Drop a chilled spoonful of roux into hot stock for a last minute thickener. Stir until dissolved and simmer for a few minutes before tasting for seasoning. This approach suits quick weeknight soups when you do not want to start a new roux from scratch. A spoonful of this Roux Recipe can rescue a thin stew on a busy night.

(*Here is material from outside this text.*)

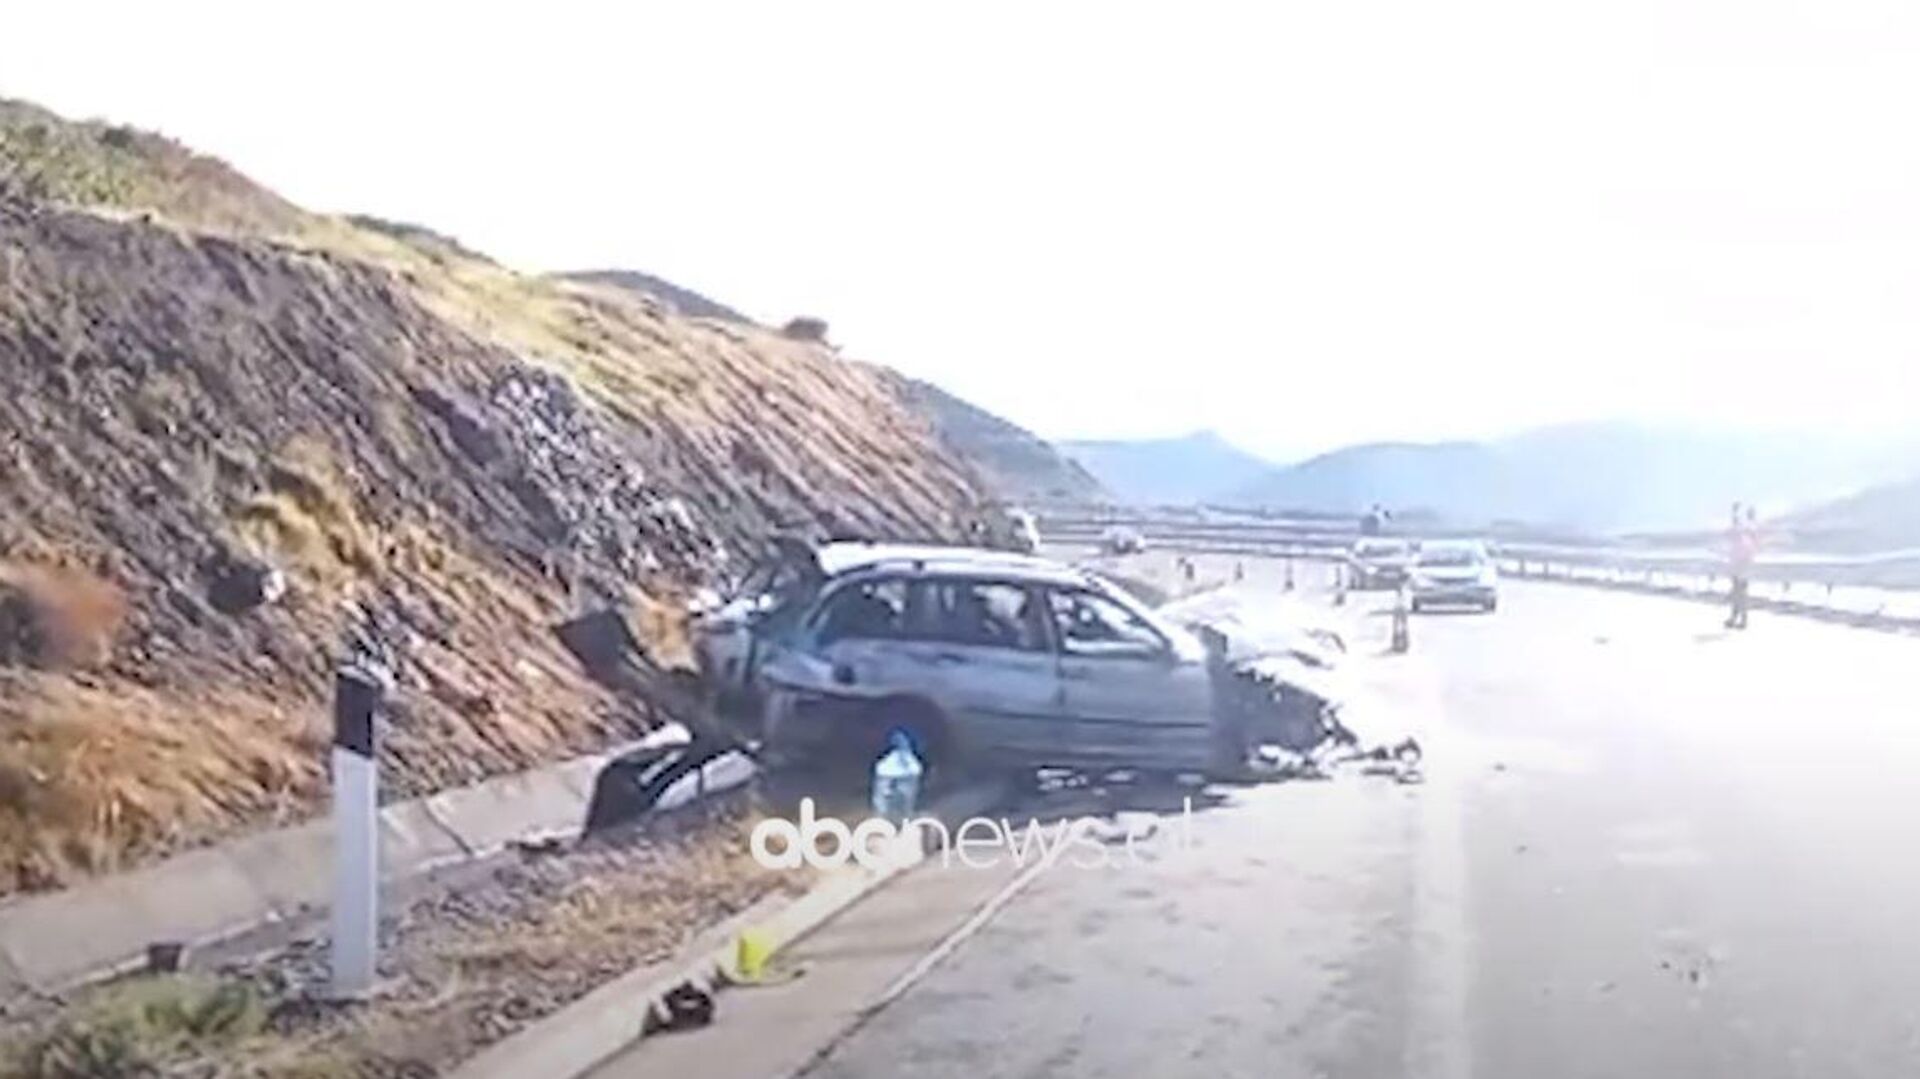 Heavy трафик в Албании : Автомобиль с сербскими номерами разбит, пассажиры ранены, в том числе дети

Ideas For Using Your Roux Recipe Every Week
Once you have a jar of prepared roux ready, many simple meals come together quickly.
Weeknight ideas:
• Stir white roux into chicken broth with leftover vegetables and shredded meat for a fast pot of soup.
• Whisk blond roux with warm milk, then add grated cheese for a sauce over steamed broccoli or baked potatoes.
• Cook a dark roux recipe with oil, then add aromatics, stock, and sausage for a simple gumbo served over rice.
Roux works beyond classic French sauces. Asian style gravies, pub style pies, and casseroles all benefit from a spoonful of this cooked flour and fat.
Once you feel comfortable with roux, you can scale batches, portion them into jars, and keep them ready for quick sauces and soups anytime.
Final Thoughts On Cooking With Roux
Roux may look like a small step in a recipe, yet this mixture controls body, mouthfeel, and flavor in many dishes. A single well practiced roux recipe lets you thicken sauces with confidence, waste less, and turn scraps of meat and vegetables into satisfying meals. With a sturdy pan, steady heat, and a bit of stirring, any home kitchen can turn fat and flour into a reliable base for sauce after sauce.